System Design: Distributed Rate Limiter
Requirements
- Enforce per-user and per-IP limits (e.g., 100 req/min), burst handling, low latency, global distribution.
Approaches
- Token bucket in Redis with Lua scripts (atomic); or sliding window counters.
Architecture
Clients → Gateway → Limiter SDK → Redis/Memcache cluster (sharded) → Fallback local estimators.
Data model
key = tenant:user:minute → counters; or key = tenant:user → (tokens, last_ts).
Consistency
- Prefer strong atomic ops (Lua) per key; eventual across regions with locality; shadow write to secondary.
SLOs
- Check P95 < 5 ms; availability 99.99% (graceful degrade to stricter local limits on Redis outage).
Capacity
- 1M rps checks: shard across 10 Redis primaries (100k rps each); pipeline ops.
Failure modes
- Hot keys → add jitter to keys (bucketize), hierarchical keys.

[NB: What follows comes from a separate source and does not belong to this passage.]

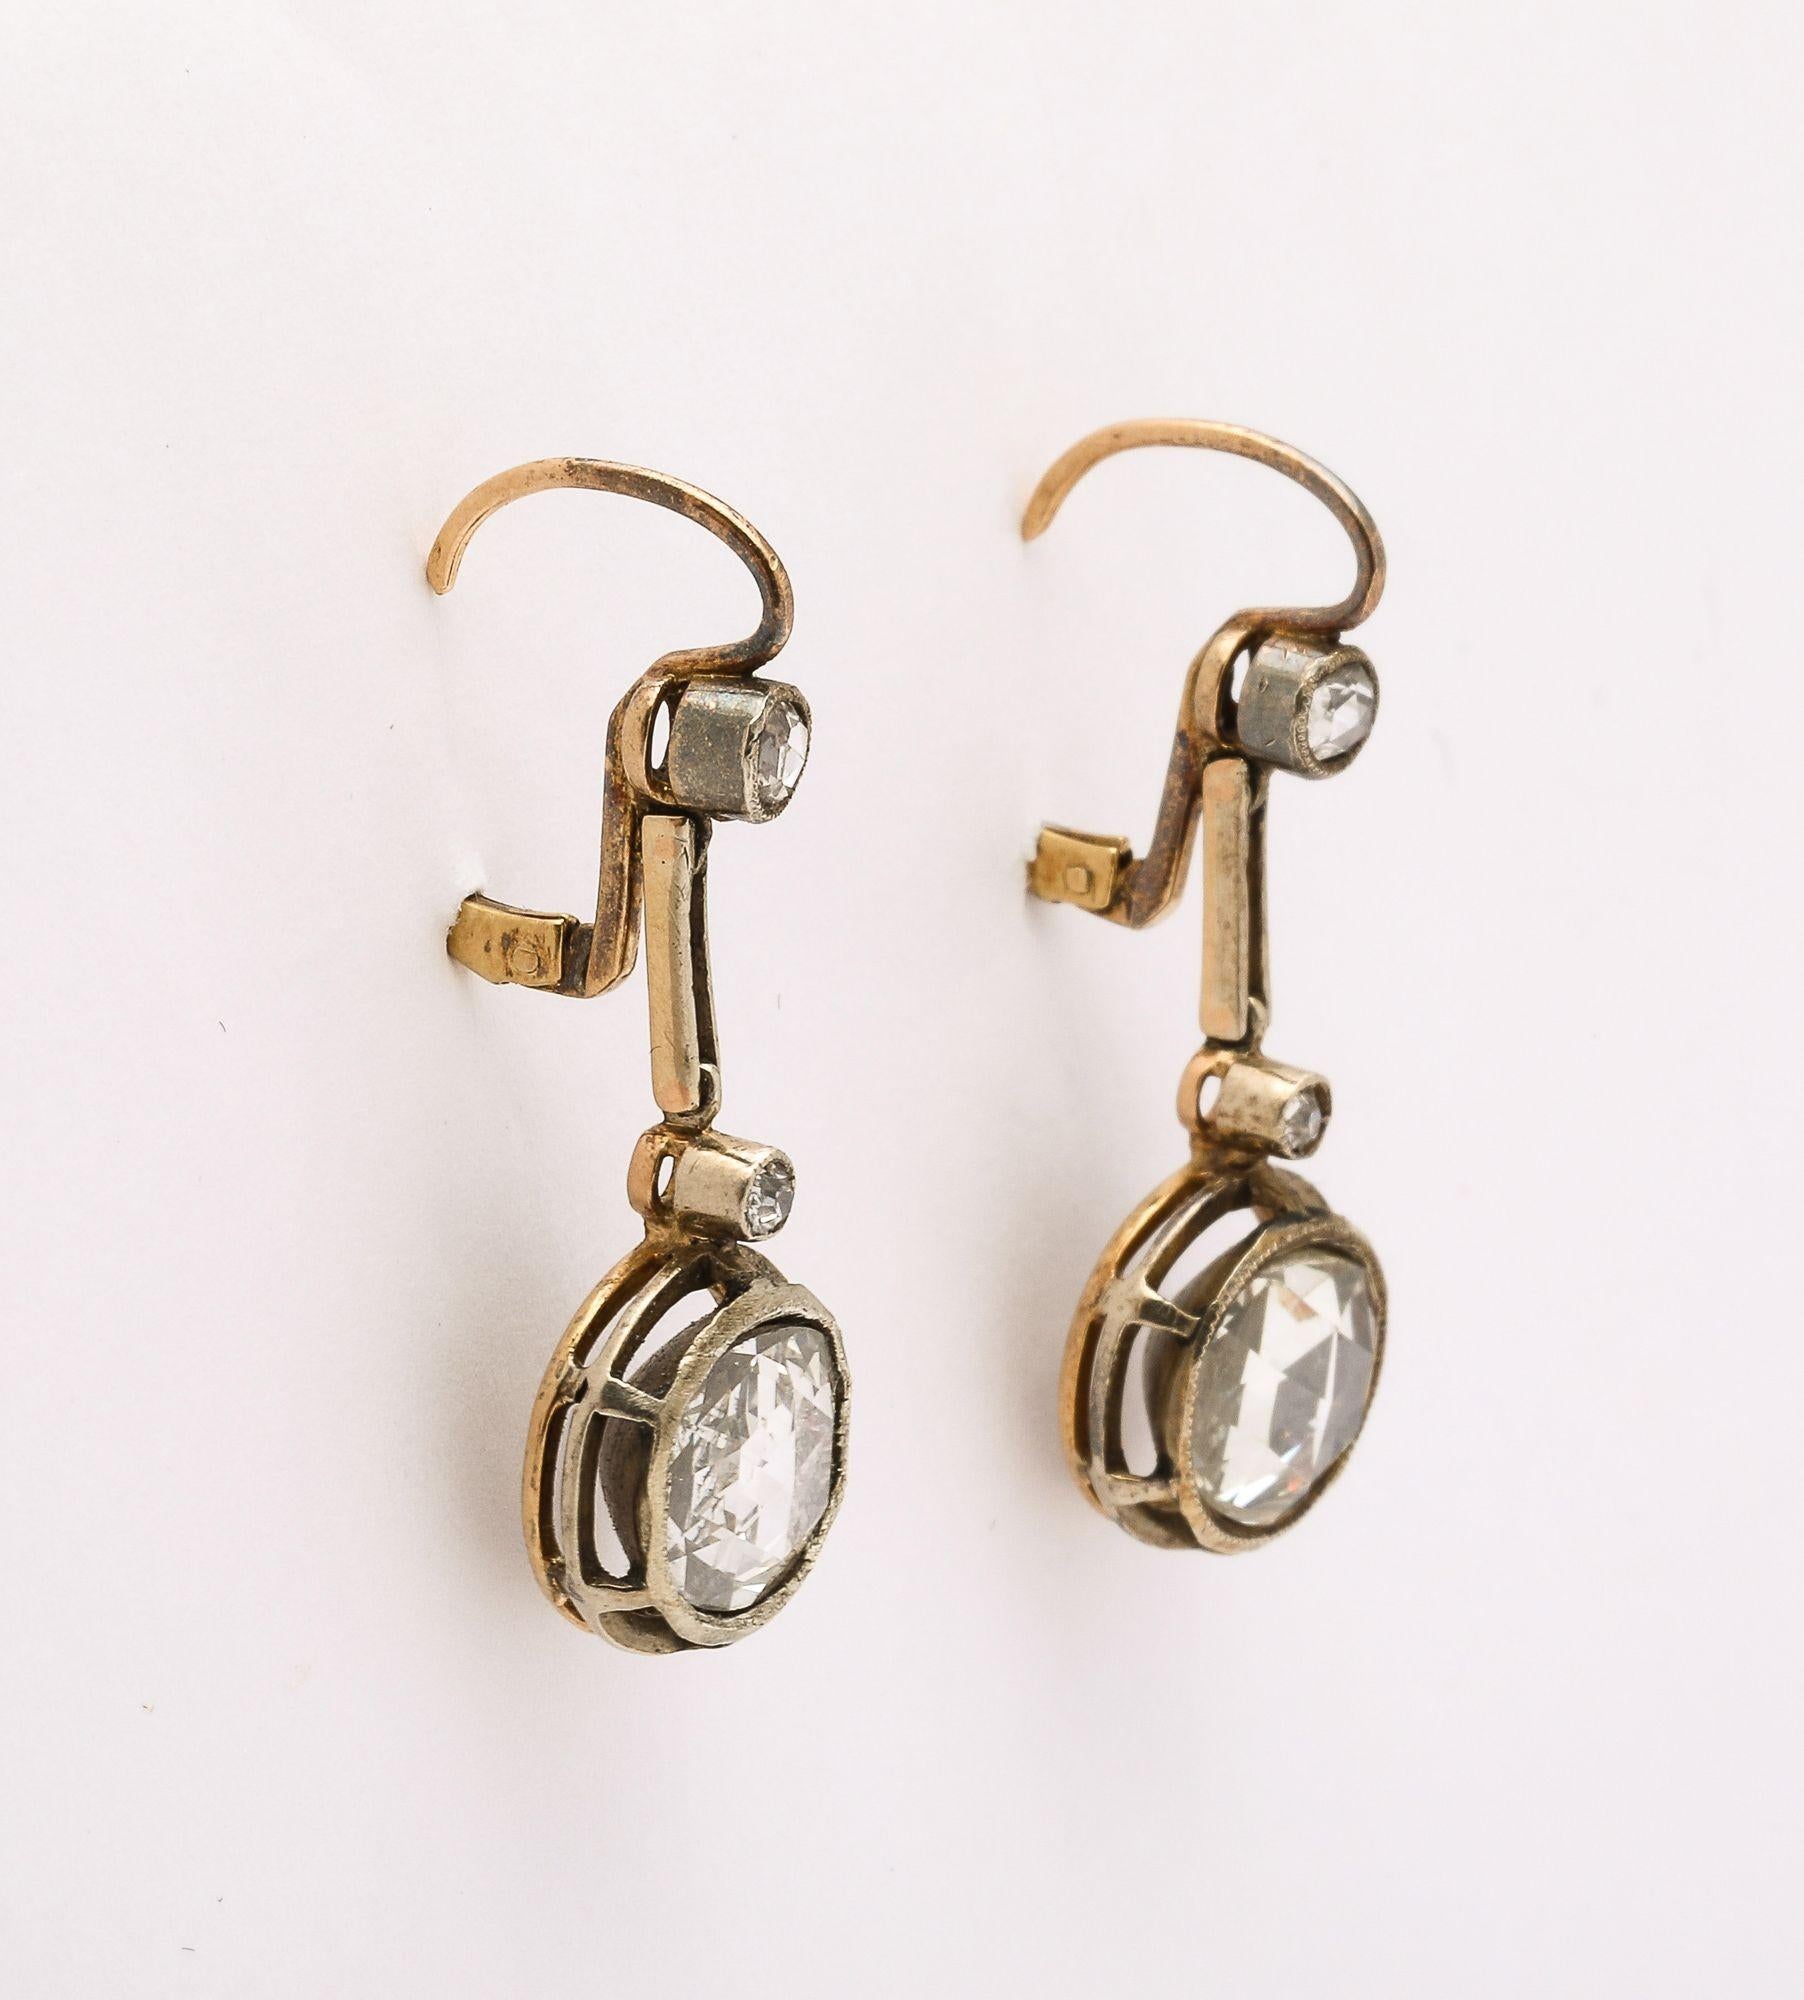 A stunning significant pair of Antique French Rose Cut Diamond Dangle Earrings. Large antique stones capped with smaller rose cut diamonds set in gold

- Region outage → fail open/closed per product policy.
Lua pseudo (token bucket)
-- KEYS[1]=key, ARGV[1]=now_ms, ARGV[2]=rate_per_s, ARGV[3]=burst
local now=tonumber(ARGV[1])
local rate=tonumber(ARGV[2])
local burst=tonumber(ARGV[3])
local tokens=tonumber(redis.call('HGET', KEYS[1], 't') or burst)
local ts=tonumber(redis.call('HGET', KEYS[1], 'ts') or now)
tokens=math.min(burst, tokens + (now-ts)*rate/1000)
local allowed=tokens>=1 and 1 or 0
if allowed==1 then tokens=tokens-1 end
redis.call('HMSET', KEYS[1], 't', tokens, 'ts', now)
redis.call('PEXPIRE', KEYS[1], 60000)
return allowed
Failover policy
- Redis down: enforce stricter local in‑process leaky bucket; log to audit; restore to central when healthy.